BG2: Dob in a lardo, win $30k

Just as well we’re all working towards being healthier and living longer, not to mention that we will be less of a burden on our fellow tax payers.   Look what the obesity epidemic is causing in the UK right now:

Family doctors could be offered bonuses for weighing thousands of patients under NHS proposals to tackle obesity.

They would be given financial incentives for recording the weight of anyone with an underlying health problem triggered by being overweight.

Based on existing incentives, the payments could range from £1,500 to £15,000 a year per GP surgery depending on how effective they are deemed at helping the NHS.

The plans have been drawn up by health watchdog NICE in the hope of ultimately saving the NHS billions of pounds by treating complications caused by obesity. The news of the proposals comes amid increasing controversy over the cost of obesity to the state.

This month Channel 5 documentary, Benefits: Too Fat To Work featured couple Michelle and Stephen Beer, who say their weight prevents them from working. Between them they weigh 54 stone and receive around £1,700 a month in benefits.

The idea is that it will be cheaper to pay for  proactively getting these people healthier than to have to pay for their health problems from now until they die.  

A spokesman for British Medical Association said: ‘We would need to see the details of the proposals and ensure that they have real clinical value, rather than being a box ticking exercise that place yet another pointless administrative burden on overstretched GP services.’

But GP David Haslam, chairman of the National Obesity Forum, said the plans didn’t go far enough, as GPs should be focusing on weighing patients who don’t yet have a health problem – so it could be prevented.

He said: ‘It’s all in the wrong direction. It’s people without a diagnosis for one of these conditions who need to be screened.’

The QOF consists of targets covering a range of conditions including heart disease, dementia and cancer.

A maximum of 1,000 points is available for every practice per year, and each point is worth £157.

But experts have warned it has offered limited benefit to patients as it encourages doctors to focus on conditions which merit payments.
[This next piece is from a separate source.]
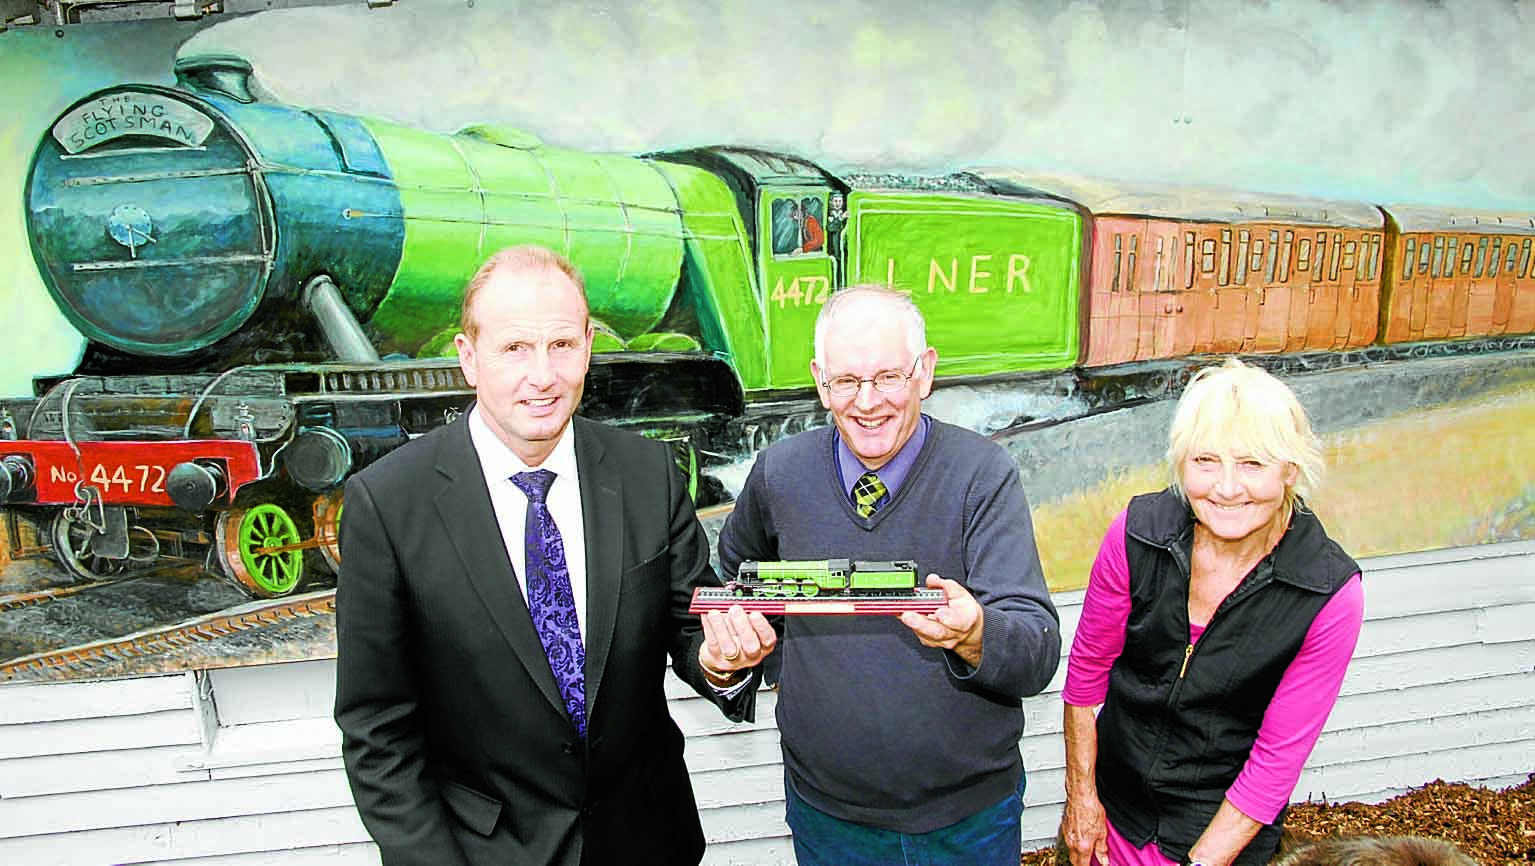 Station art boosts awards ambitions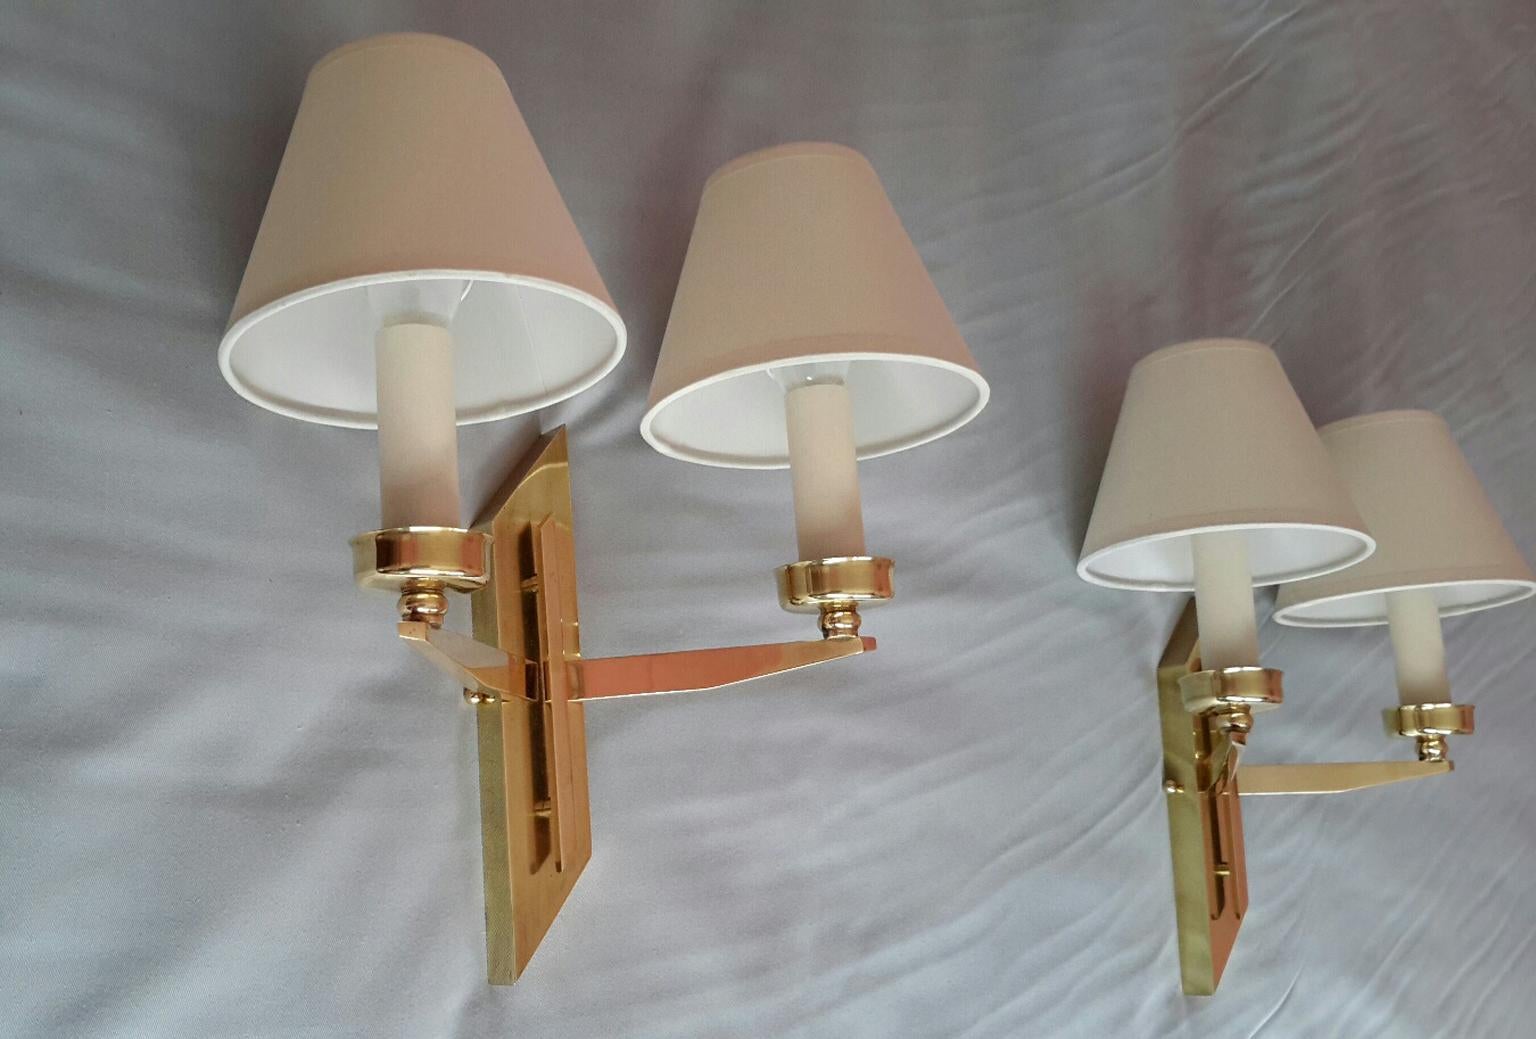 Pair of French Mid-Century Modern Sconces by Maison Lunel, 1950 For Sale 2

Perhaps there is another way:  court ordered dieting and exercise.   After all, if we walked into a bank and took other people’s money, nobody would think that acceptable.  Yet we have obese people constantly walking into tax payer funded health care without doing a single thing to mitigate ongoing costs on the rest of us.

For one, there should be a limit to the amount of money paid out to support someone who is obese.  Health care will no longer be covered by the taxpayer unless the patient is working towards improved health and making acceptable progress.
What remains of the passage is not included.